Osteogenic protein-1 enhances phenotypic expression in ros 17/2.8
cells.
Kitten, Allison M., John C. Lee, and Merle S. Olson.
Department of Biochemistry, University of Texas Health Science
Center, 7703 Floyd Curl Drive, San Antonio, Texas 78284-7760
APStracts 2:0148E, 1995.
Osteogenic protein-1 (OP-1) stimulates bone morphogenesis in vivo and
modulates osteoblast growth and differentiation in vitro. Treatment
of ROS 17/2.8 cells with OP-1 resulted in a time- and concentration
-dependent inhibition of [3H]thymidine incorporation. In contrast, OP
-1 treatment stimulated phenotypic differentiation in ROS 17/2.8
cells, as indicated by enhanced 1) alkaline phosphatase activity (4
-fold); 2) alkaline phosphaste mRNA (5-fold); 3) parathyroid hormone
receptor mRNA (2-fold), and 4) parathyroid hormone-stimulated cAMP
accumulation (2-fold). OP-1-induced changes in cell growth and gene
expression were sensitive to cycloheximide and actinomycin D.

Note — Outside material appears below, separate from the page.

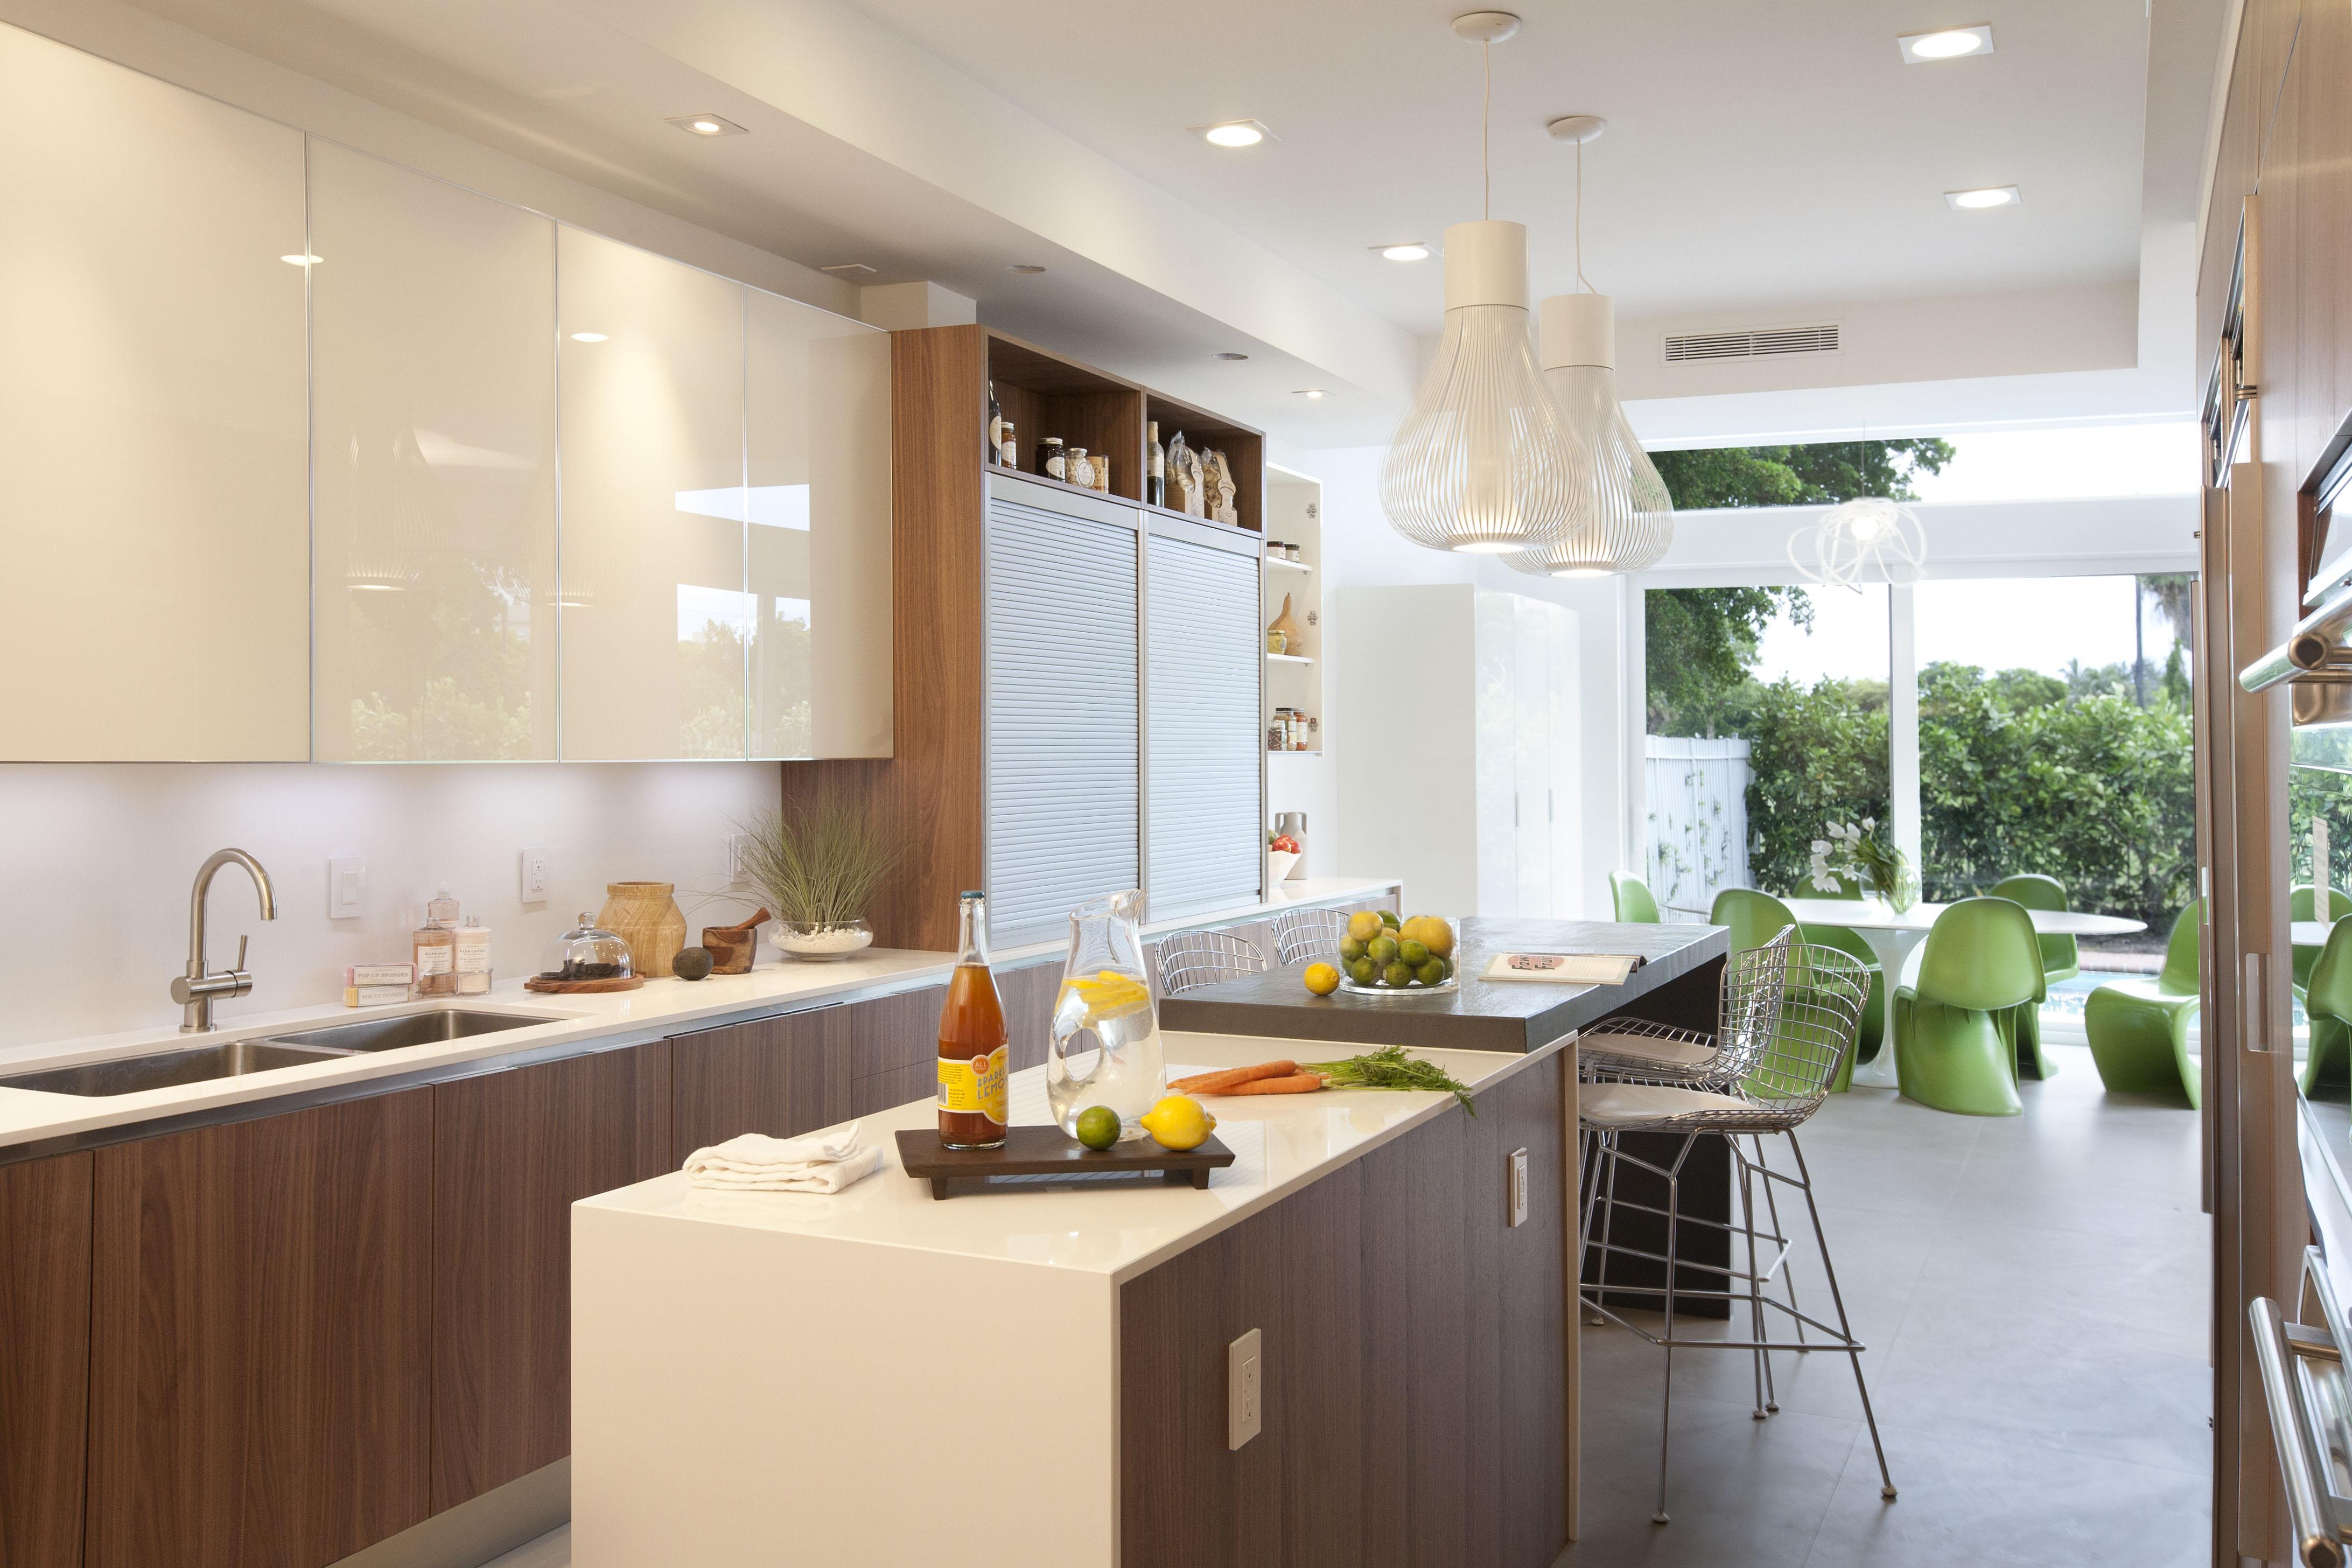 Furniture Ikea Bedroom Design Ideas Wallpaper Likes Miami

Measurement of [3H]thymidine incorporation and alkaline phosphatase
activity in situ revealed heterogeneity in the cellular responses to
OP-1. Proliferating cells exhibited less alkaline phosphatase
activity than non-proliferating cells, while cells expressing high
levels of alkaline phosphatase incorporated little [3H]thymidine. Our
data delineating the responses of mature, differentiated osteoblasts
to OP-1 suggest that potentiation of osteoblast differentiated
function is an important component of bone morphogenesis in vivo .
Received 7 February 1995; accepted in final form 22 June 1995.
APS Manuscript Number E55-5.
Article publication pending Am. J. Physiol. (Endocrinol. Metab.).
ISSN 1080-4757 Copyright 1995 The American Physiological Society.
Published in APStracts on 18 July 1995.